BeanFactory parentBeanFactory = getParentBeanFactory();
//判断是否有父beanFactory
if (parentBeanFactory != null && !containsBeanDefinition(beanName)) {
// Not found -> check parent.
String nameToLookup = originalBeanName(name);
if (parentBeanFactory instanceof AbstractBeanFactory) {
return ((AbstractBeanFactory) parentBeanFactory).doGetBean(
nameToLookup, requiredType, args, typeCheckOnly);
}
else if (args != null) {
// Delegation to parent with explicit args.
return (T) parentBeanFactory.getBean(nameToLookup, args);
}
else if (requiredType != null) {
// No args -> delegate to standard getBean method.
//自己没有去父factory里面拿,类似递归调用
return parentBeanFactory.getBean(nameToLookup, requiredType);
}
else {
return (T) parentBeanFactory.getBean(nameToLookup);
}
}
if (!typeCheckOnly) {
markBeanAsCreated(beanName);
}
StartupStep beanCreation = this.applicationStartup.start("spring.beans.instantiate")
.tag("beanName", name);
try {
if (requiredType != null) {
beanCreation.tag("beanType", requiredType::toString);
}
//获取合并之后的efinition
RootBeanDefinition mbd = getMergedLocalBeanDefinition(beanName);
//如果是抽象直接报错
checkMergedBeanDefinition(mbd, beanName, args);
// Guarantee initialization of beans that the current bean depends on.

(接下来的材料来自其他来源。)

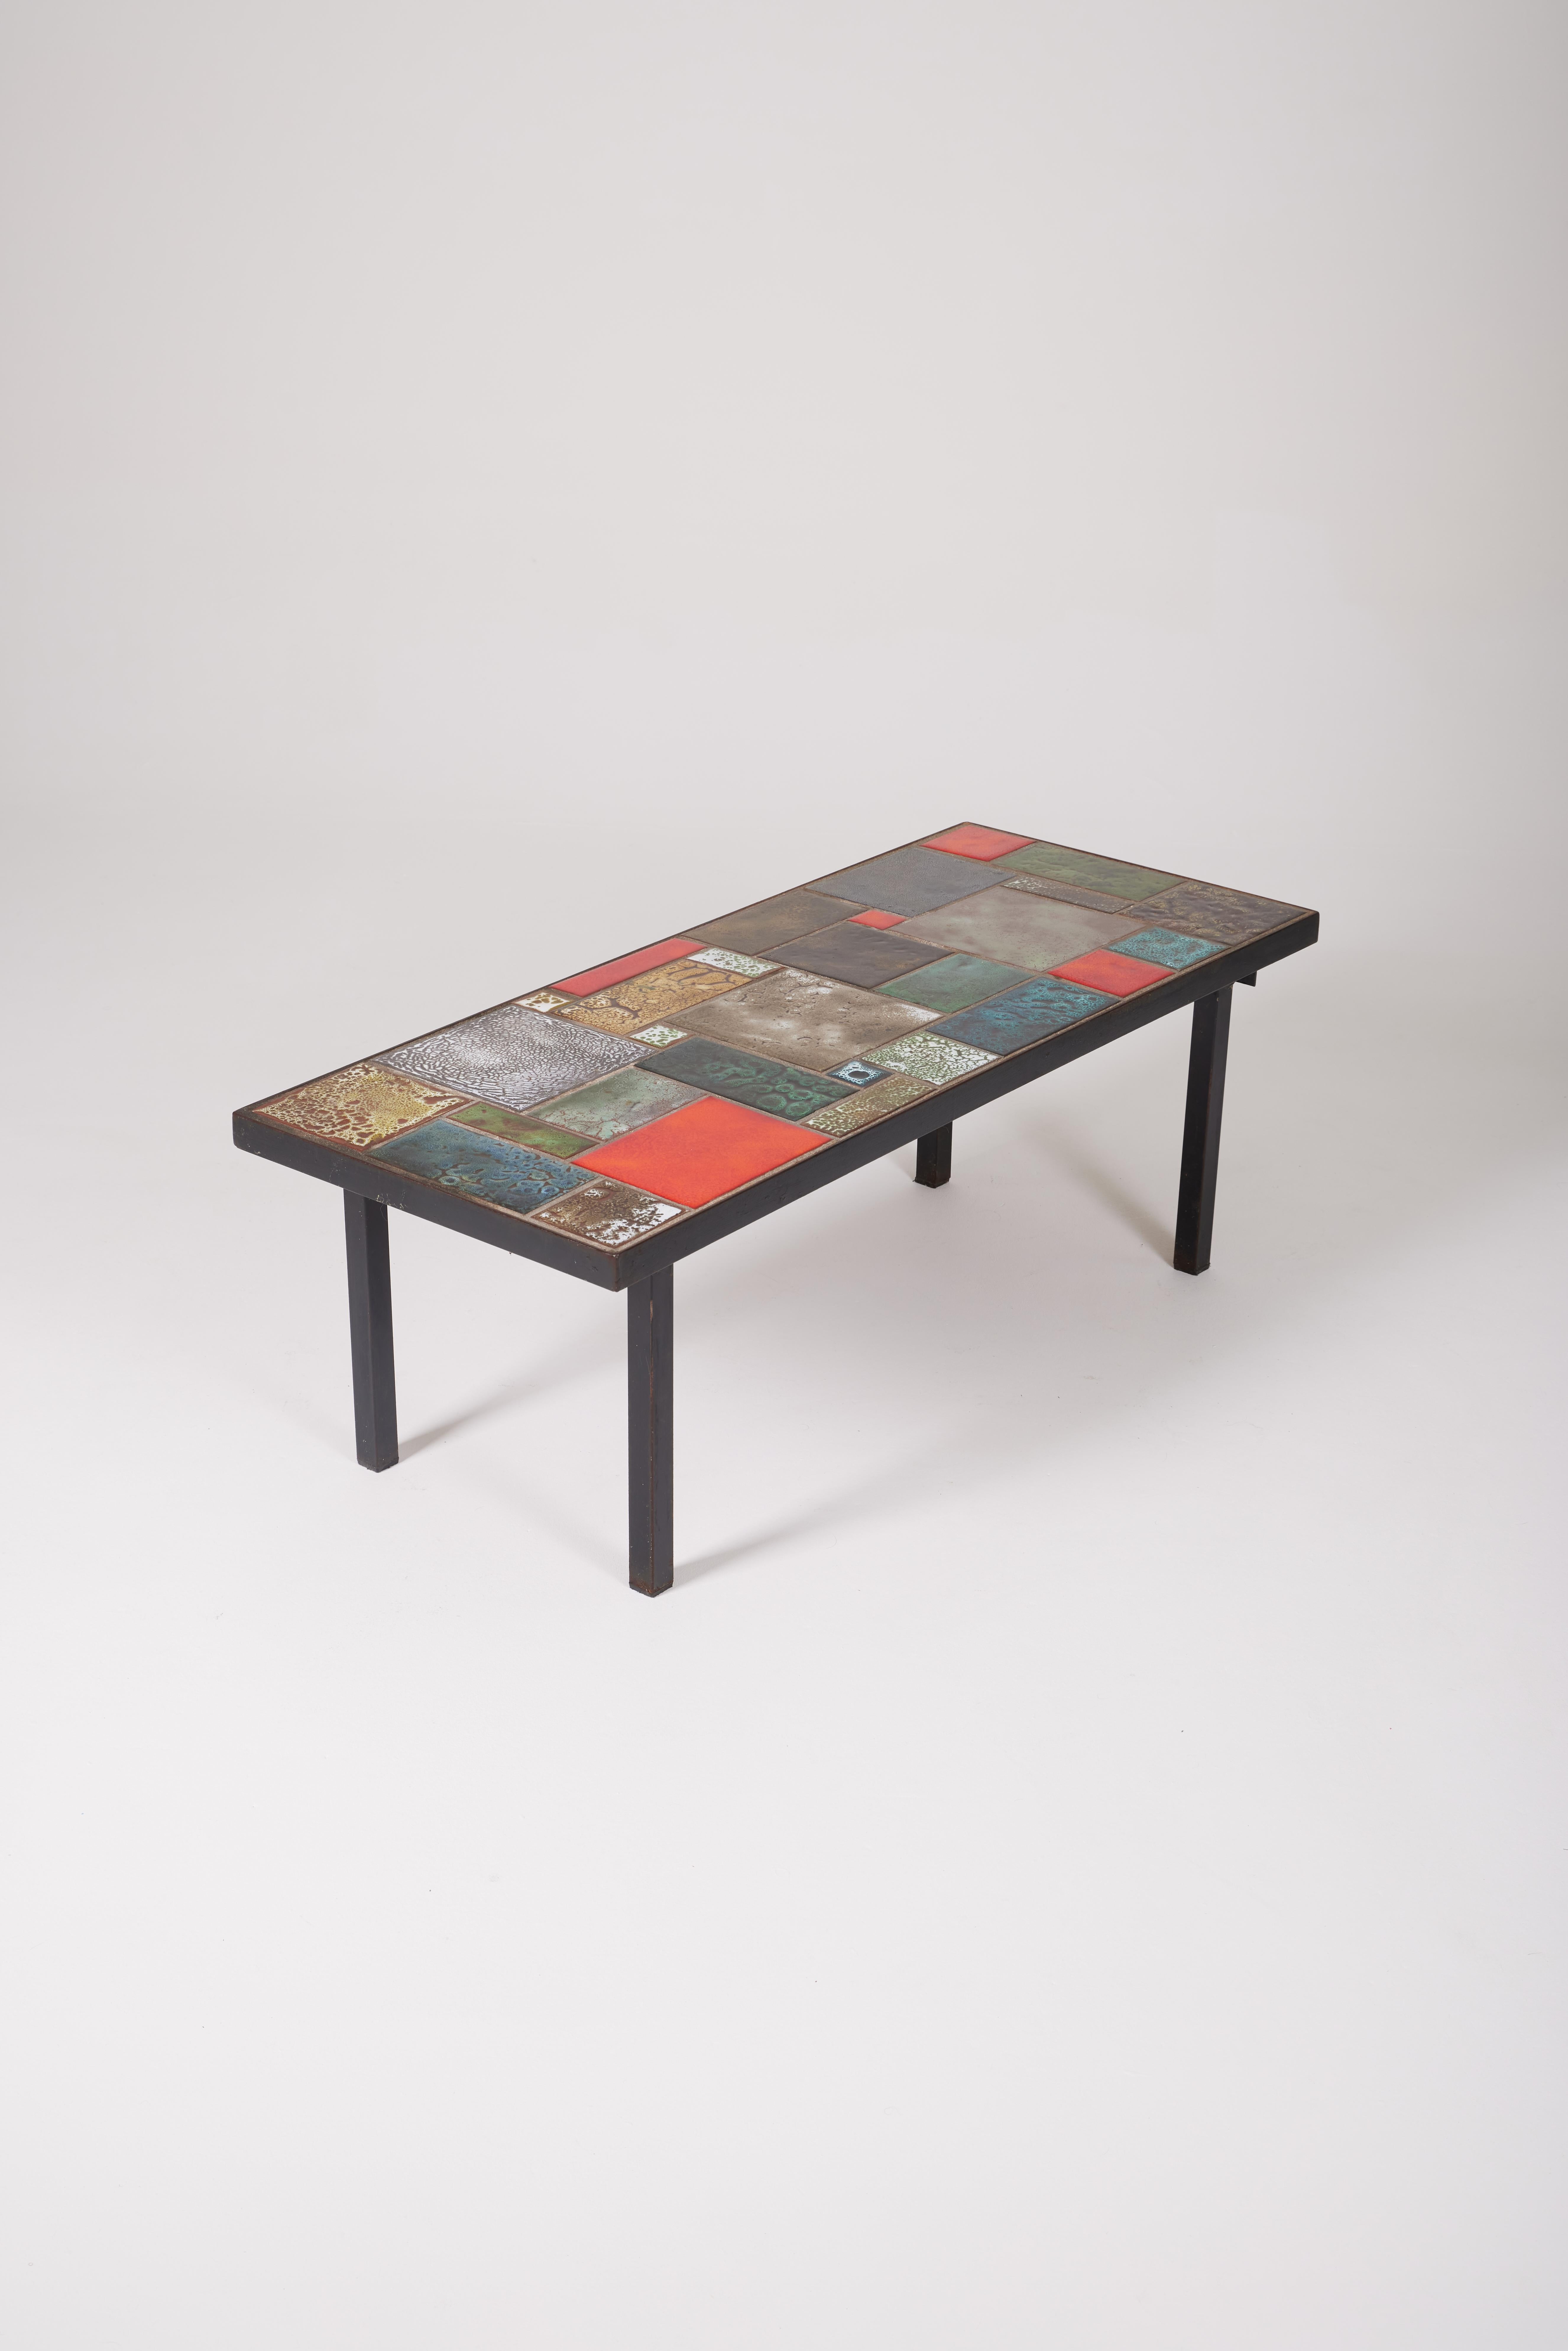 Ceramic coffee table. The tabletop is in blue, red, and gray ceramic. The structure is made of metal. In very good condition.
LP1398

//获取@ependOn注解,注解作用如果要创建当前对象先要把注解参数中的那个对象进行创建(类似依赖)可以定义多个
String[] dependsOn = mbd.getDependsOn();
if (dependsOn != null) {
//dependsOn表示当前beanName所依赖的,当bean创建之前depensOn所依赖的Bena全部创建好了
for (String dep : dependsOn) {
//beanName是不是被dep依赖了,如果是则出现了循环依赖,抛出错误
if (isDependent(beanName, dep)) {
throw new BeanCreationException(mbd.getResourceDescription(), beanName,
"Circular depends-on relationship between '" + beanName + "' and '" + dep + "'");
}
//dep被beanName依赖了,存入dependentBeanMap中,dep为key,beanName为value,会存到一个dependentBeanMap之
//private final Map<String, Set<String>> dependentBeanMap = new ConcurrentHashMap<>(64);
//表示某个bean依赖了哪些bean
registerDependentBean(dep, beanName);
try {
//创建所依赖的bean
getBean(dep);
}
catch (NoSuchBeanDefinitionException ex) {
throw new BeanCreationException(mbd.getResourceDescription(), beanName,
"'" + beanName + "' depends on missing bean '" + dep + "'", ex);
}
}
}
// Create bean instance.
if (mbd.isSingleton()) {
//如果是单例的,传入一个lambda表达式,下面会详细讲这个方法
sharedInstance = getSingleton(beanName, () -> {
try {
//创建单例bean
return createBean(beanName, mbd, args);
}
catch (BeansException ex) {
// Explicitly remove instance from singleton cache: It might have been put there
// eagerly by the creation process, to allow for circular reference resolution.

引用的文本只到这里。